## Records for the task
Content starts
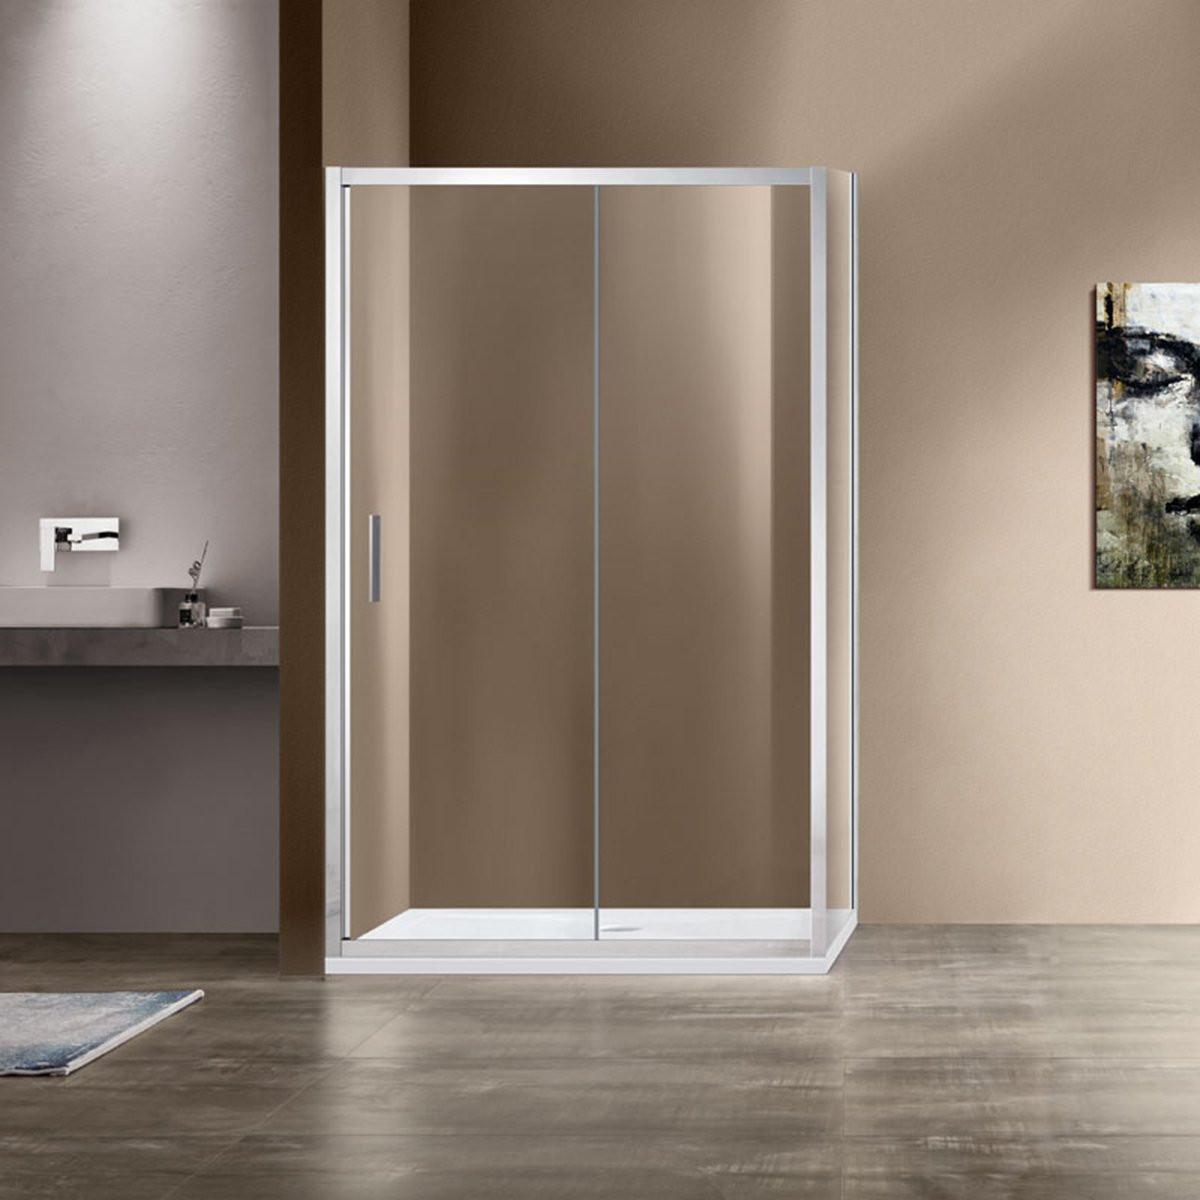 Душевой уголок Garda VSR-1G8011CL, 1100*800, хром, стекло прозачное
Content ends
Content starts
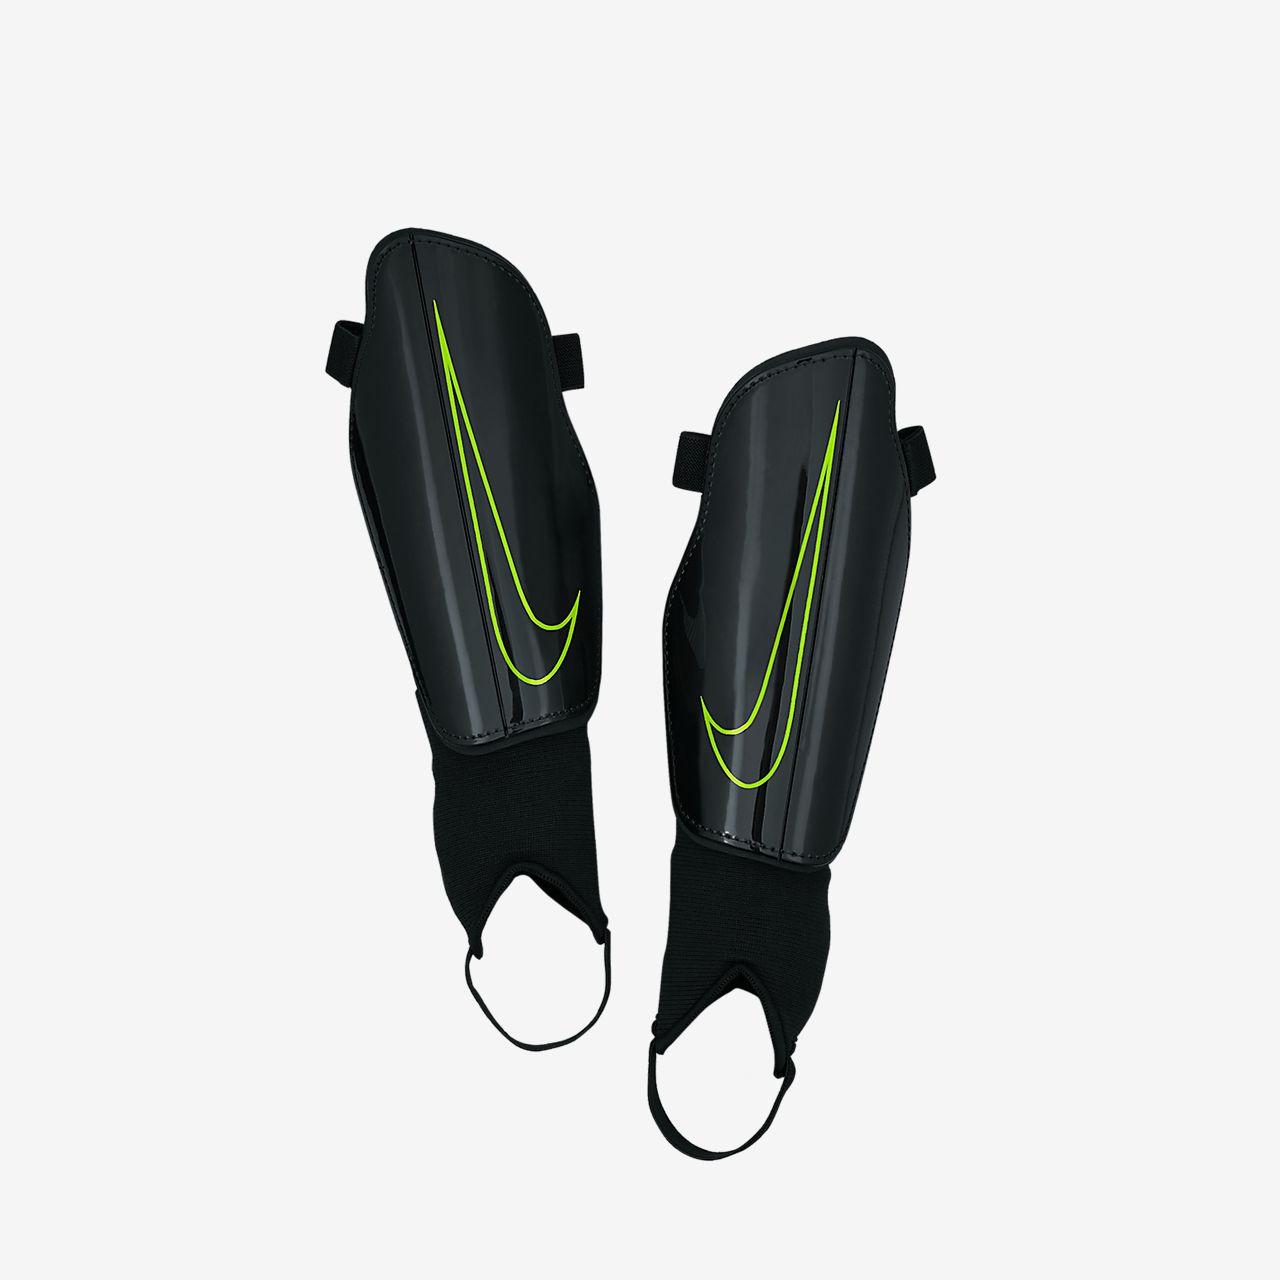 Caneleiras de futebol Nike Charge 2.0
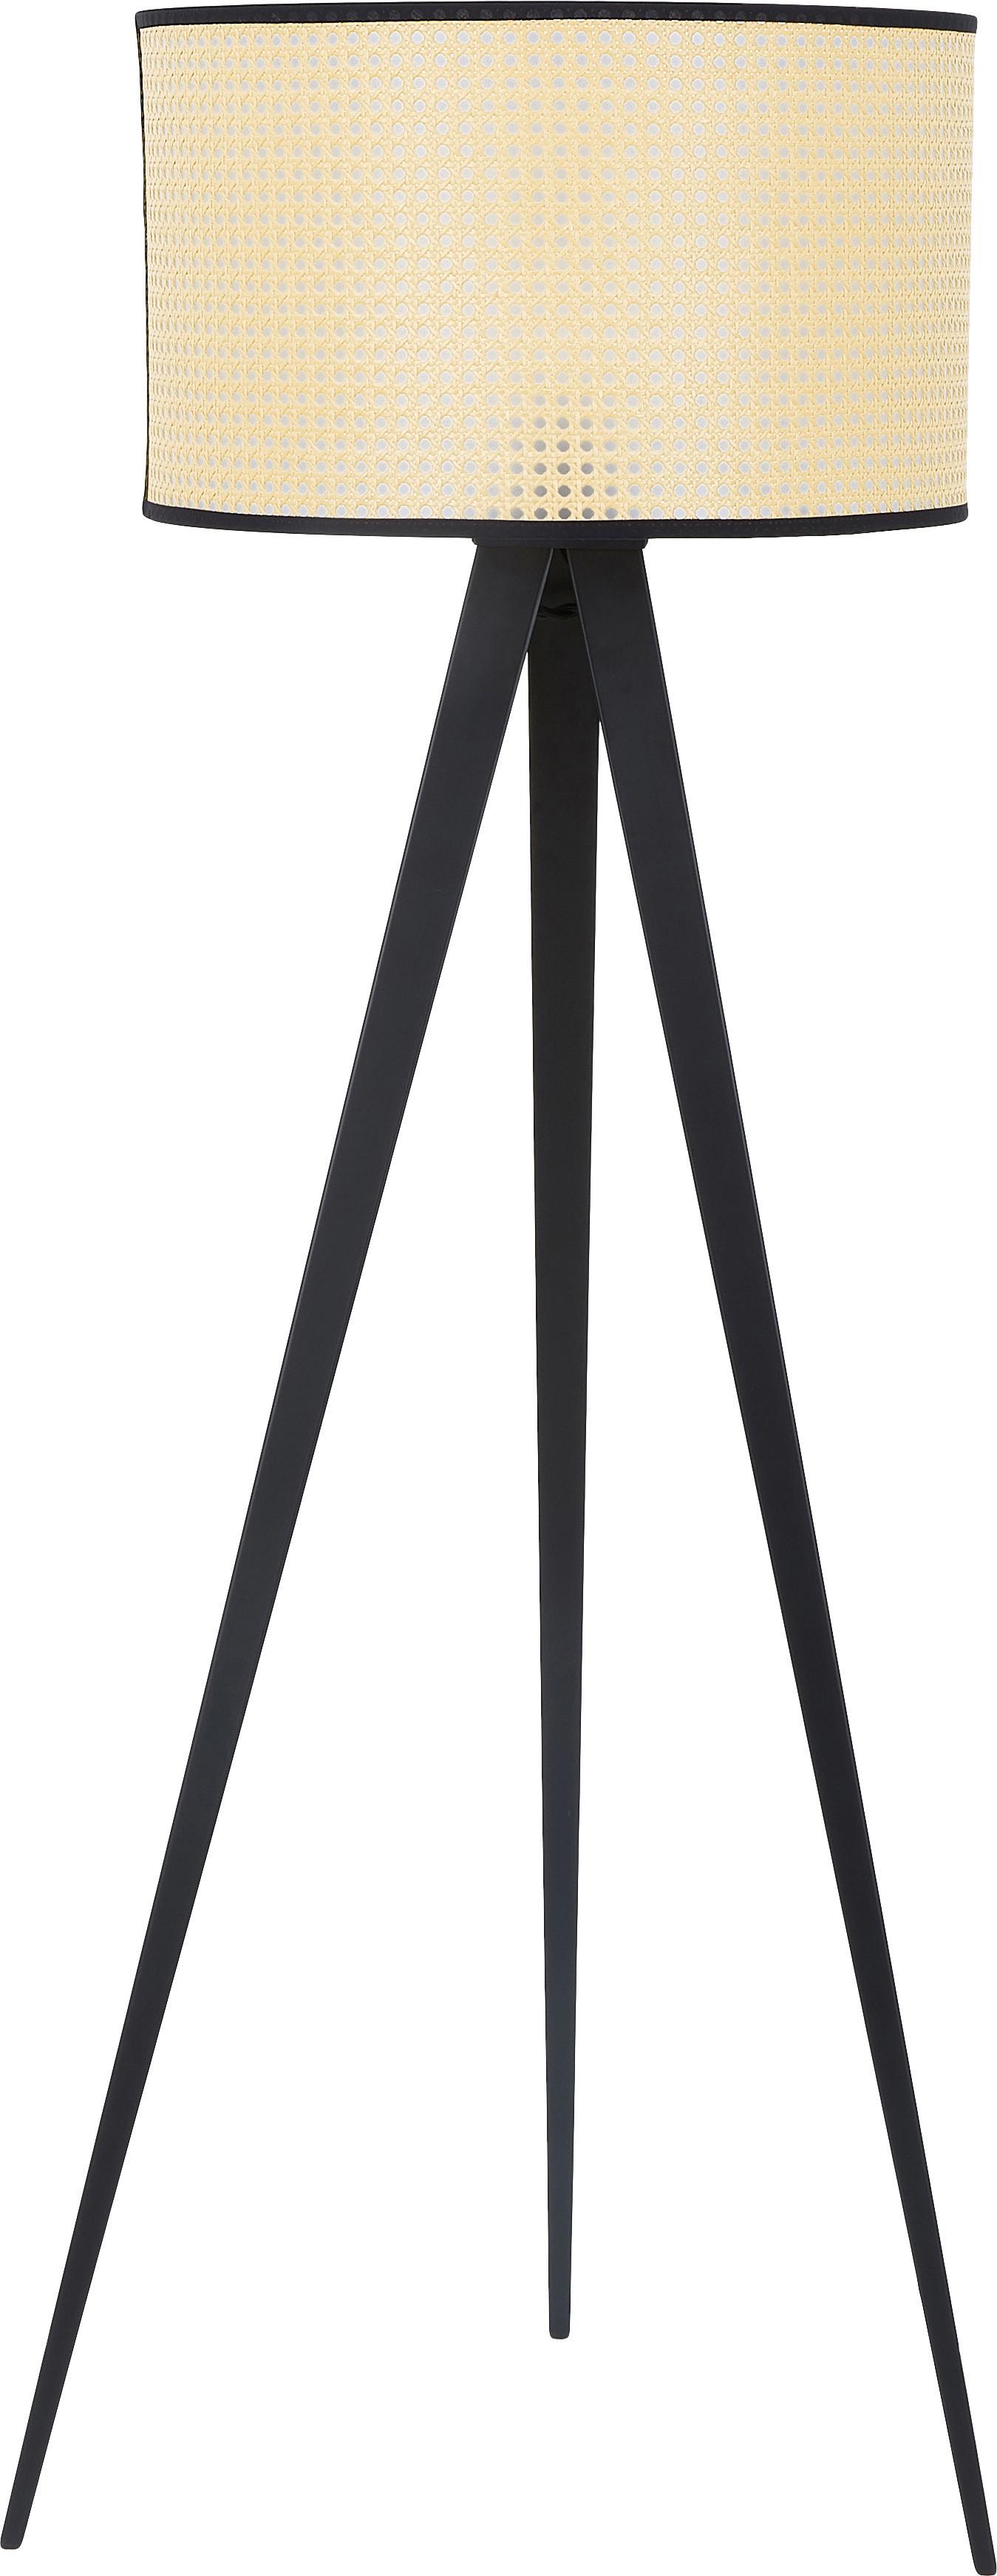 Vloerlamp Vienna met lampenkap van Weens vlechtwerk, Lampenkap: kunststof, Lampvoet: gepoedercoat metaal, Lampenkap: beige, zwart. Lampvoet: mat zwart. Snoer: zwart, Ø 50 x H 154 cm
Content ends
## Exercise description
Nothing but the lines from the one with "Caneleiras de futebol Nike Charge 2.0" up to and including the one with "Vloerlamp Vienna met" should be printed, exactly as they read above. Please keep the pictures out.

## Answer to this problem
 Caneleiras de futebol Nike Charge 2.0
 Vloerlamp Vienna met lampenkap van Weens vlechtwerk, Lampenkap: kunststof, Lampvoet: gepoedercoat metaal, Lampenkap: beige, zwart. Lampvoet: mat zwart. Snoer: zwart, Ø 50 x H 154 cm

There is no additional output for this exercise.